Distributed Systems — Replication
This is the second story on the topic of DS, if you haven't read the first one, please have a look here.
Replication is at the core of Distributed Systems (DS). We all know what replication is? In its simplest form, is just having a duplicate copy of the original in a case where the original copy is destroyed, we can use the backup one. But in DS replication is not that simple, in fact, it’s much more complicated and it needs to work in order for DS to ‘work’. In a system where storage for example is not distributed, even if the master server fails, we can assume that the backup system will work as it will have all the data (generally, up to date since maintaining one replica is easier) but in case of DS, things can go haywire.
So what complexity does DS have that makes replication not easy.
- Real-Time Sync- The replicas have to be in sync with the master. what does in-sync mean? Let's take a Database for example. In most databases, any writes going to the database are generally written to WAL (write-ahead log) first. Assuming the database storage is actually distributed over several storage servers, the data needs to be replicated as well for availability, scalability, and in the case of server crash/failure as a fallback mechanism. But to fallback, as in the server to start serving API requests from the fallback server, it needs to be in sync with the master.
For eg an application serving hotel bookings to customers. As soon as a write occurs on the portion of the database in the master server, the replicated server needs to be in sync because if the master crashes before the write gets replicated that booking becomes invalid and might get rebooked to someone else.
So how do we keep replicas in sync near real-time, it is one of the tough problems in computer science to solve out there.
Let's talk about real-time sync and issues related to it . Consider 1 master and 2 replicas. As soon as u write to master you can say the write has finished and then in the backened copy the data to replicas , also known as Asynchronous writes.
This has the disadvantage of replicas not being real time sync and any failure can cause loss of data if primary node crashes.
Whats the solution to above problem, We can wait for the replicas to finish(Synchronous Writes) writing making the write call blocking.
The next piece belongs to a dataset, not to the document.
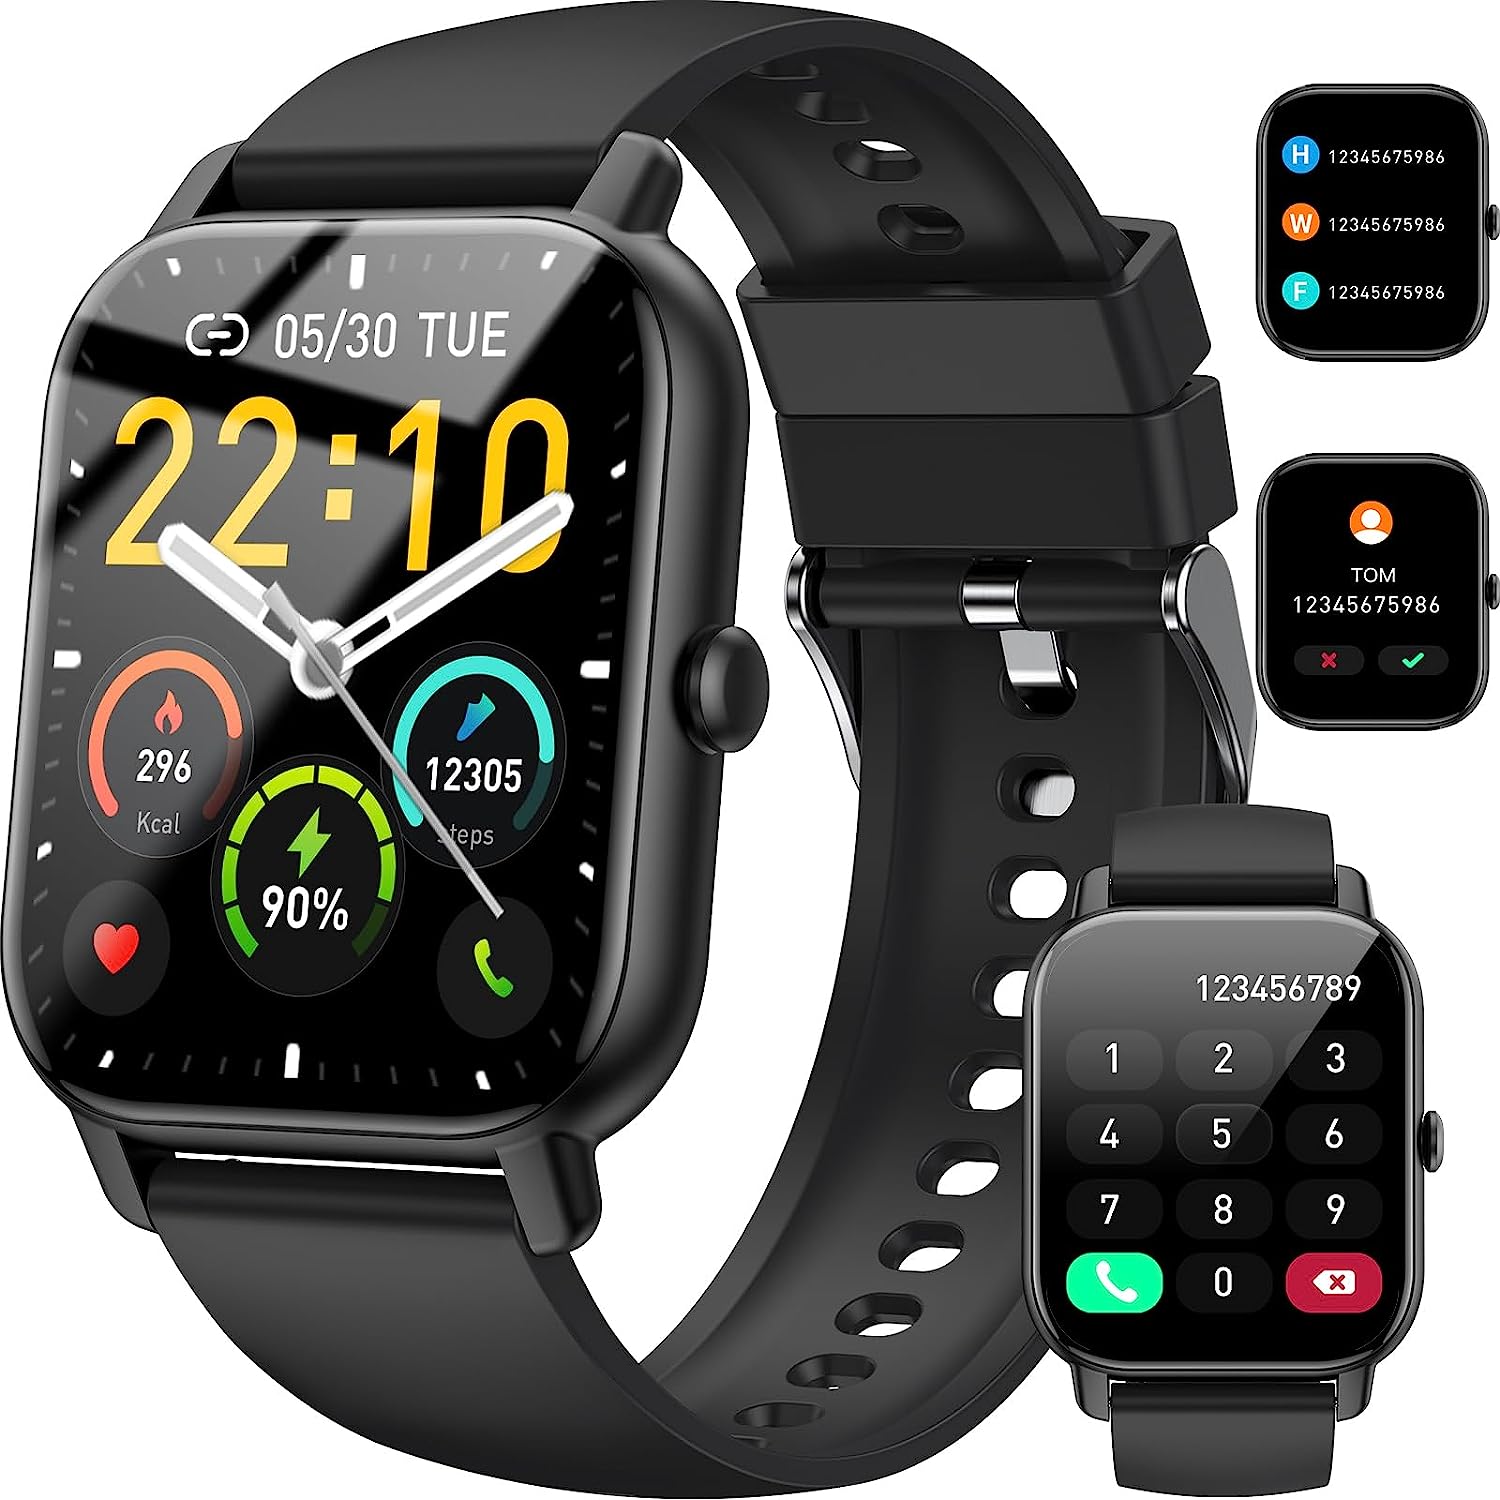 Wenn Sie nach einer günstigeren Alternative zu einem FitBit oder einer Apple Watch suchen, probieren Sie dieses Gadget mit 68 % Rabatt aus

But this poses another problem , the writes become too slow(could also cause indefinite blocking if no response is there from follower replicas) and it causes very bad client experience and not all business use cases can afford this.
2. Leader-Follower issues- In any replication scenario there are leaders and followers. The leader is the node/server/master with which the client API interacts, in our database example it is the server that will accept writes and followers are the servers that act as backup/failsafe/slaves.
Now whether we follow Synchronous or Asynchronous Writes both have a set of challenges that might cause the replication to fail and DS to not work as expected.
If we adopt Asynchronous Replication , what that entails is we say the write has finished as soon as the data is written to leader and client gets the success flag. Then its the leader’s responsibility to propagate the writes to followers. This causes issues like inconsistency with in the application.
For eg : An application that updates Football scores, two people using the same application can have different scores updated at a certain point of time when a goal is scored , obviously both the users will see the same score in some time (which in IT world is referred to as eventual consistency and is followed by applications where a slight inconsistency usually in milli seconds is tolerable).
A second example of this could be writing a comment on someone’s Facebook post, sometimes you notice that a comment you just posted is not seen and as soon as you refresh couple of times , voila! it’s right there!. Again Eventual Consistency.
Another issue is if the leader fails, and after “discovering” the leader has failed the system elects a new leader, this leader does not have the delta of writes and the system is in an inconsistent state and it violates the client's durability expectations.
On the Synchronous Replication front, all is not good and merry. If the leader is waiting for a follower to respond ok to the writes for the system to be in a consistent state the leader must wait for every write call. If the follower crashes or in a rare scenario even if the ok message is not received, the leader can not know what the fault was, it will just wait. One way to avoid writing to all followers is to just write to one follower (keep it consistent) and the rest of the followers gets updates asynchronously from this one in-sync follower, also known as a Semi-Synchronous System.
Apart from the above issues, there are issues like Node Outages, Adding/removing followers, split-brain, leader election strategies, that make replication in the Distributed Systems a complicated mechanism. I will write a separate article on solutions to the above issues and how leader-follower systems work with minimum failures and fallback mechanisms.
3. Geography- One Aspect of distributed systems often overlooked is geography. How do we ensure that a user in Vietnam and one in Luxembourg who happens to be using the same application are getting the same real-time updates and user experience? To avoid lagging requests are often served from the nearest datacenters governed by complex algorithms that decide which users are served how and from where but to serve with correct data the systems have to be in the correct state itself. There comes the challenge of replication among data centers as well which has its own challenges. Can we think leader-follower here? A leader among data centers and then a leader within the data center itself, you see the problems discussed above just exploded to a new level with lagging, sending signals, notifications cross-continent but somehow distributed systems are making it work.
Replication is at the core of making distributed systems work with keeping copies and is one of many crux components to make the distribution possible t apart from the actual distribution(either storage or compute ) itself.